Content starts

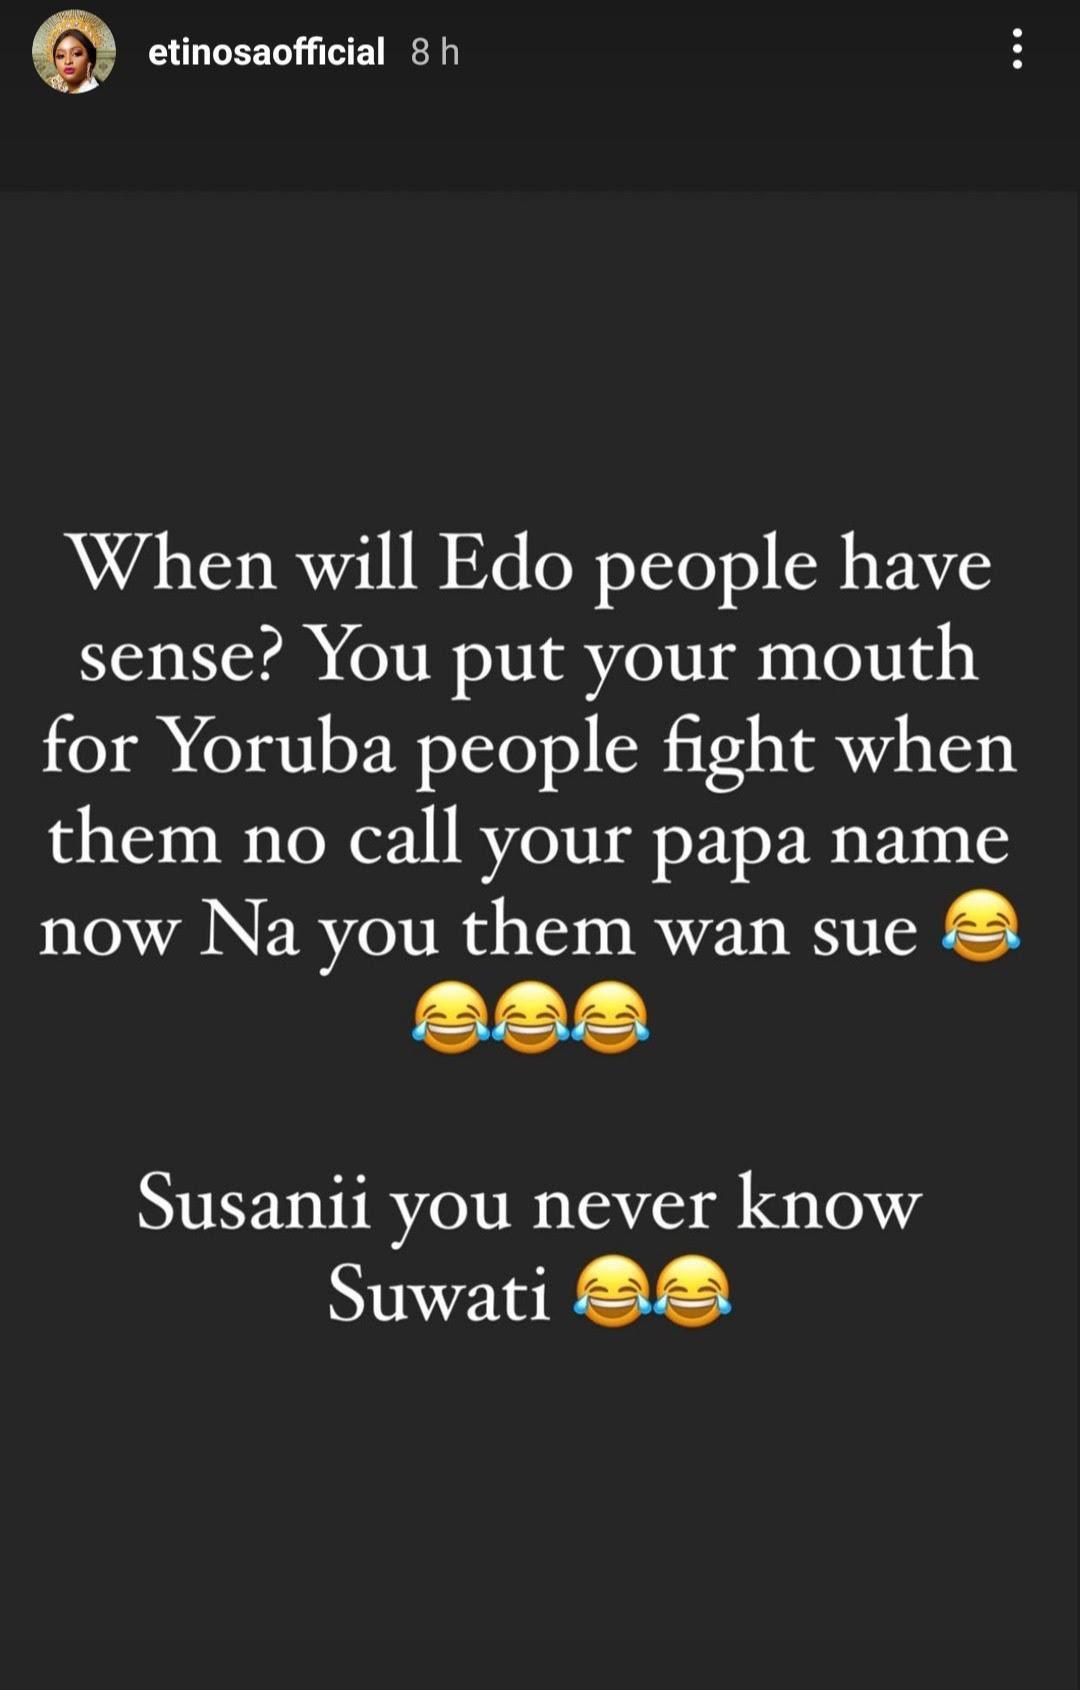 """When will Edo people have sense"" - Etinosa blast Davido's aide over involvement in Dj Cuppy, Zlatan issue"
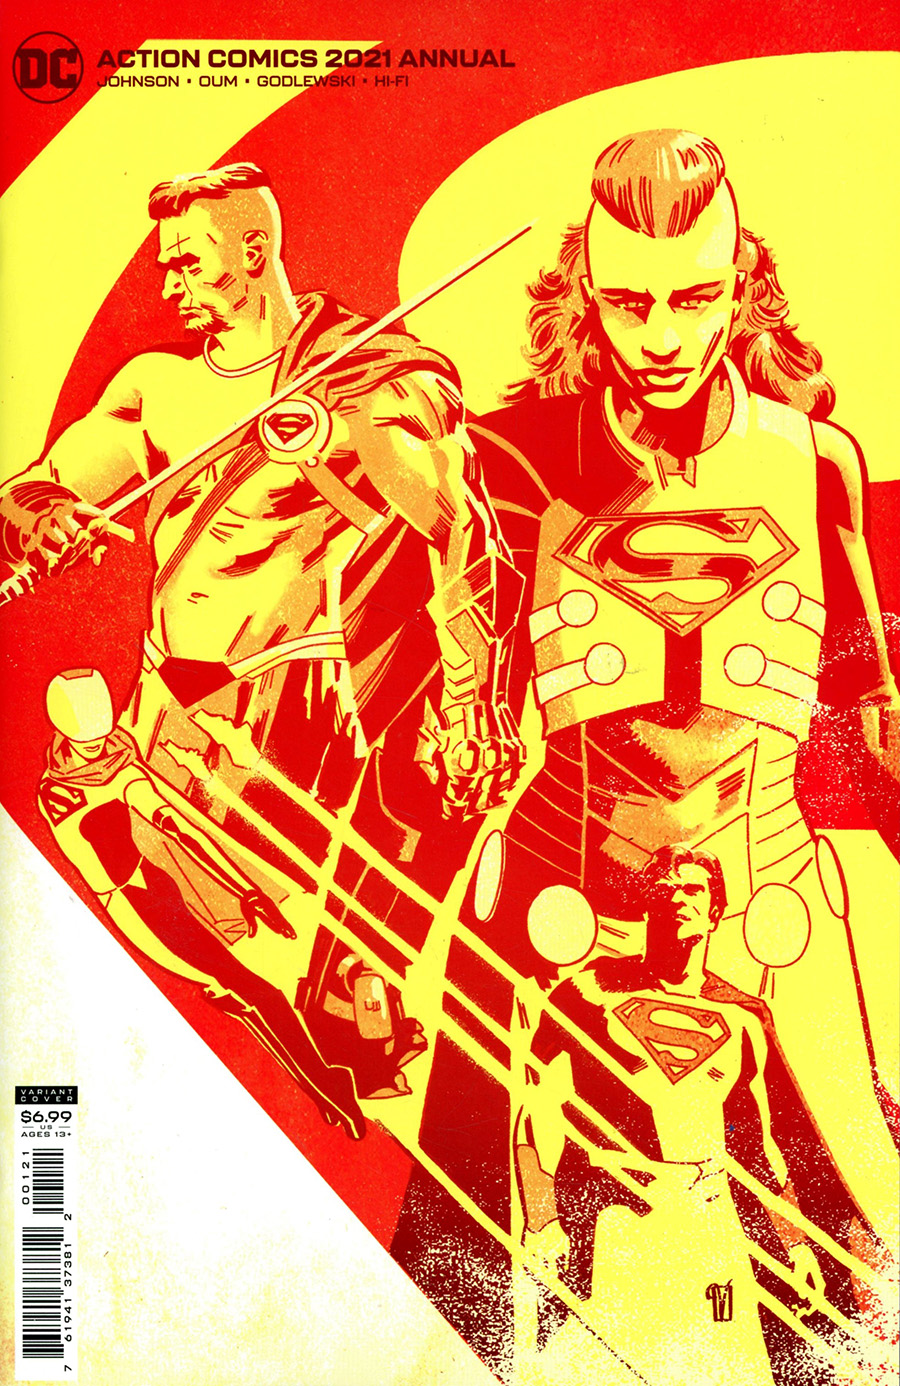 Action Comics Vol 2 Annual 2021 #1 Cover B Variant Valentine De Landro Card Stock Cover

Content ends
Content starts

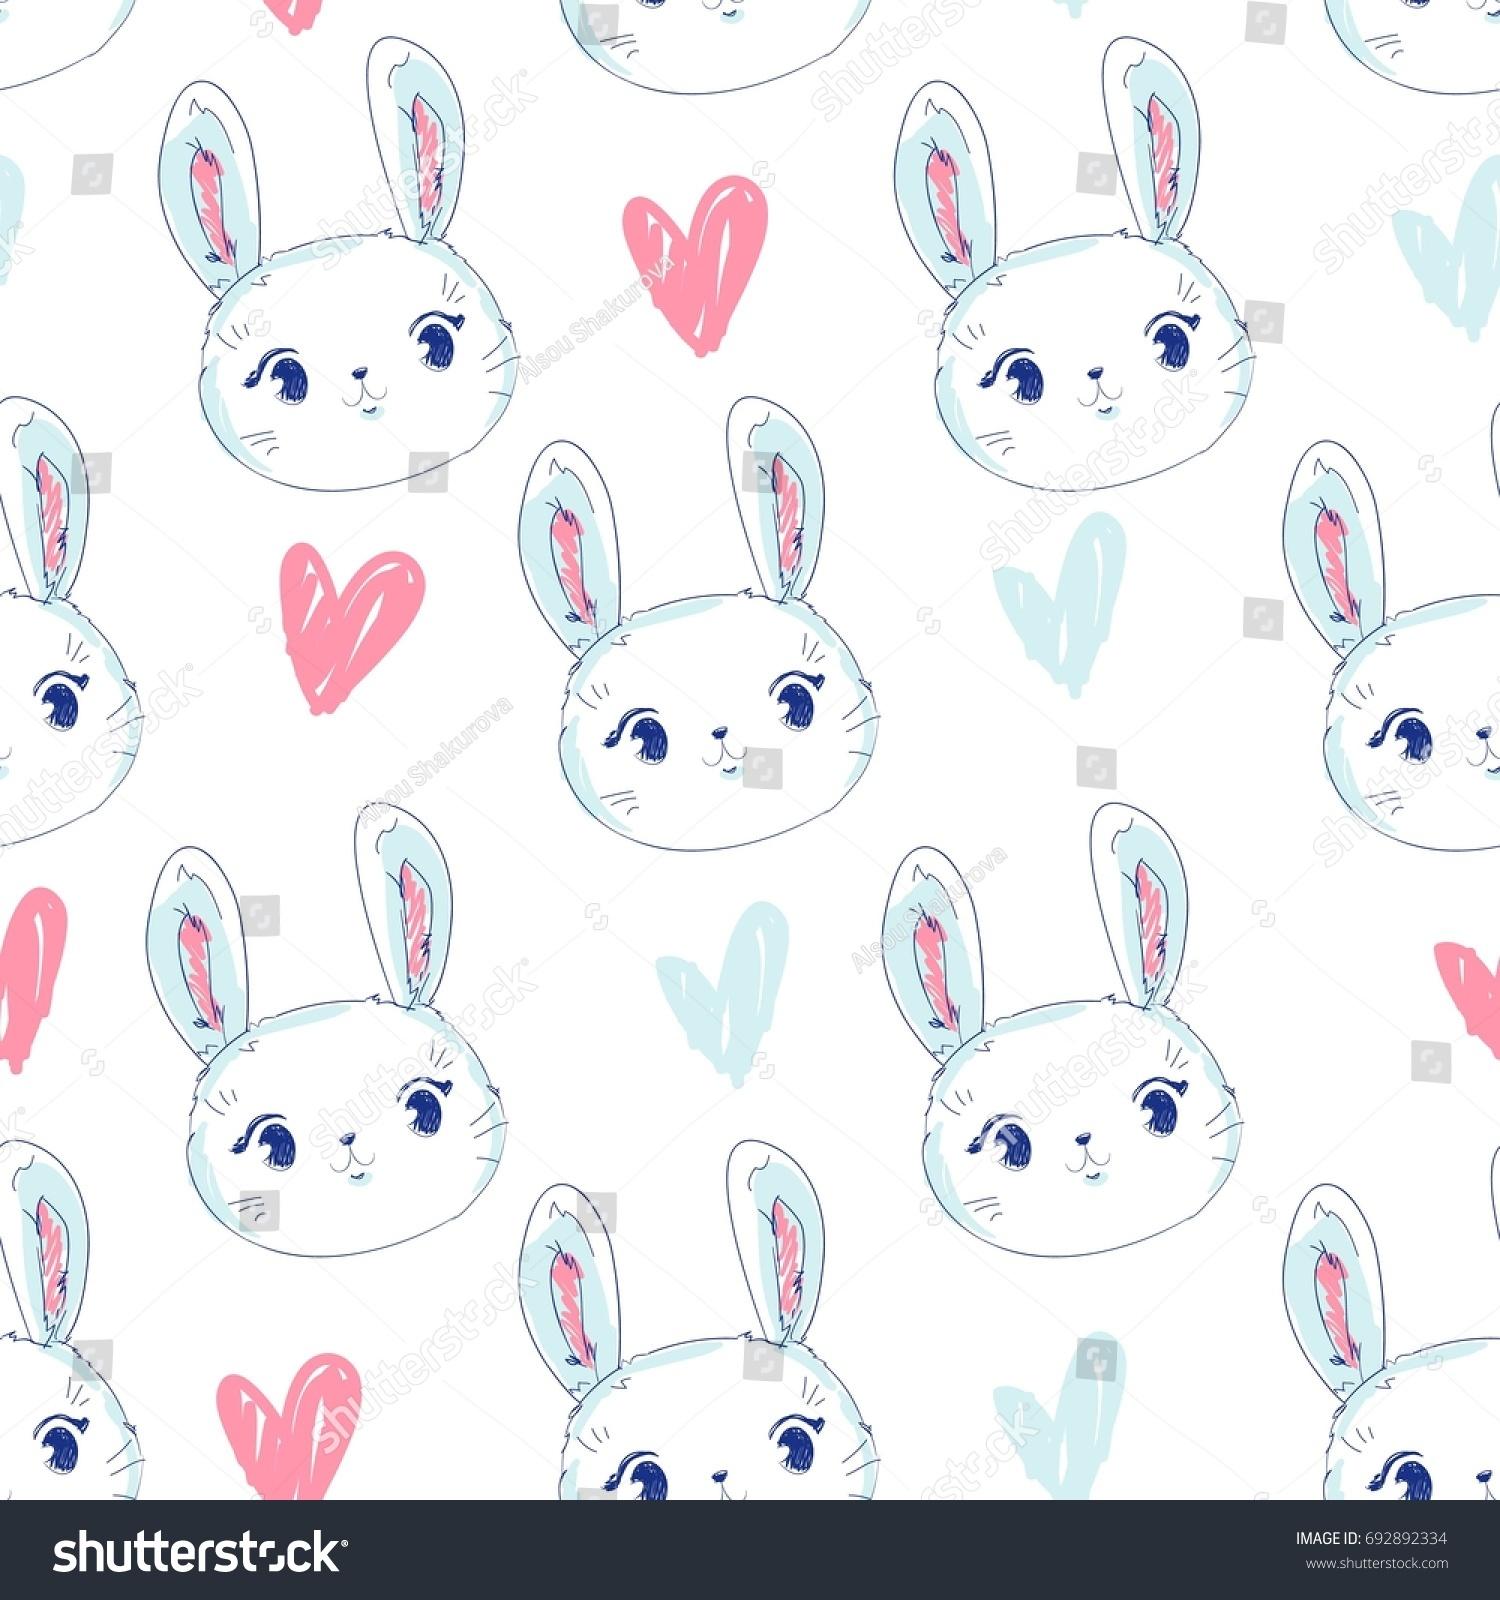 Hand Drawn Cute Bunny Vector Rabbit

Content ends
Content starts

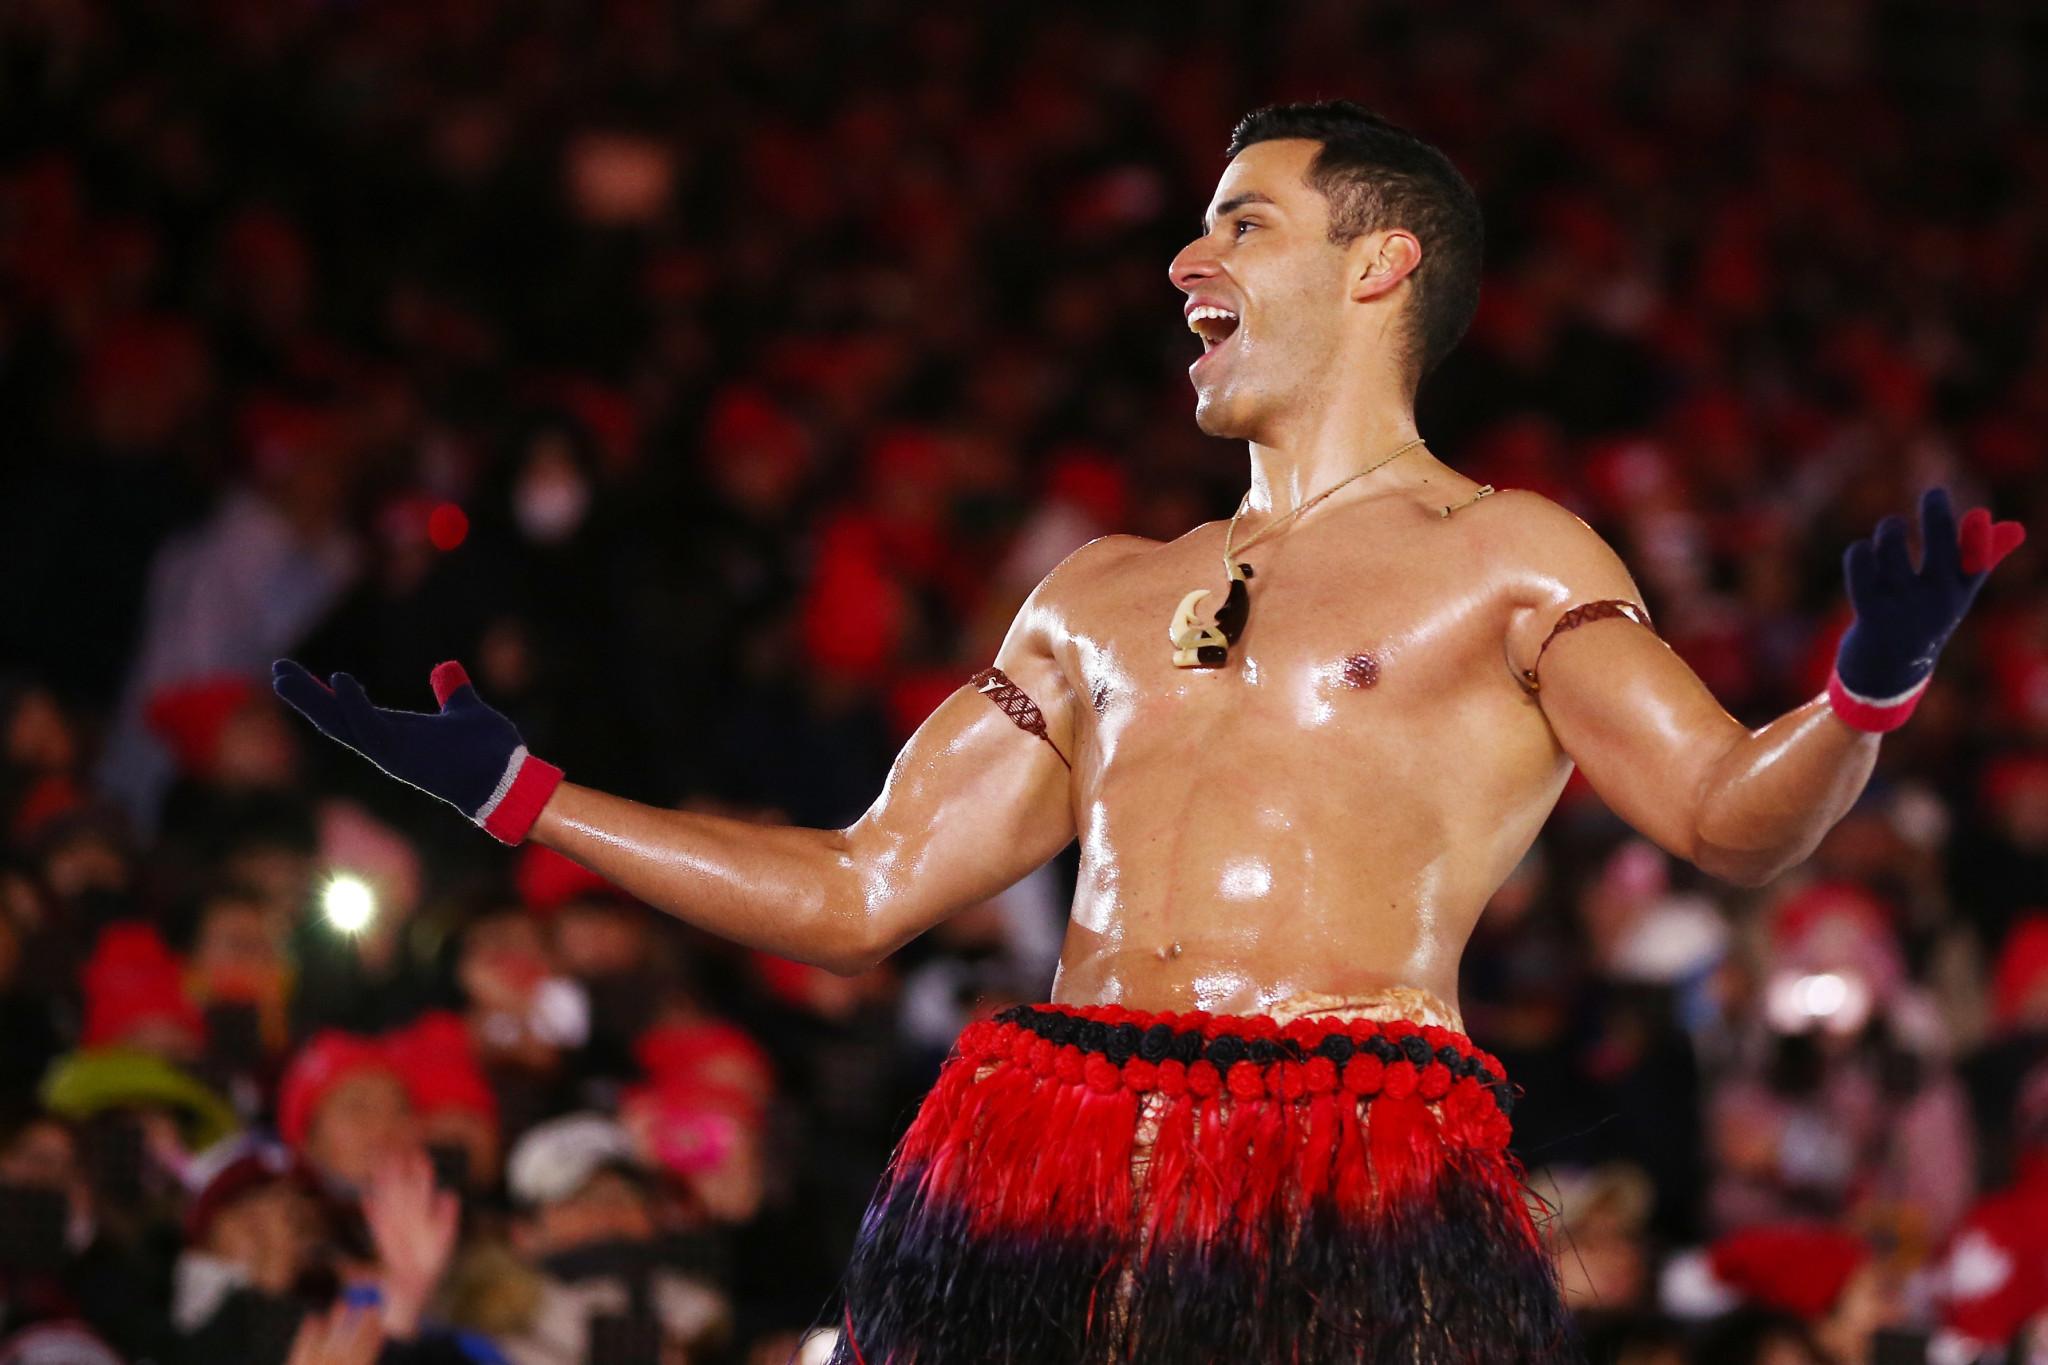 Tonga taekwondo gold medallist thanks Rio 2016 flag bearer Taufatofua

Content ends

PROMPT: From the records above, give again only the part that opens with the line containing "will Edo people" and closes with the line containing "Action Comics Vol". Keep both ends but drop the pictures.

SOLVED EXERCISE:
 """When will Edo people have sense"" - Etinosa blast Davido's aide over involvement in Dj Cuppy, Zlatan issue"
 Action Comics Vol 2 Annual 2021 #1 Cover B Variant Valentine De Landro Card Stock Cover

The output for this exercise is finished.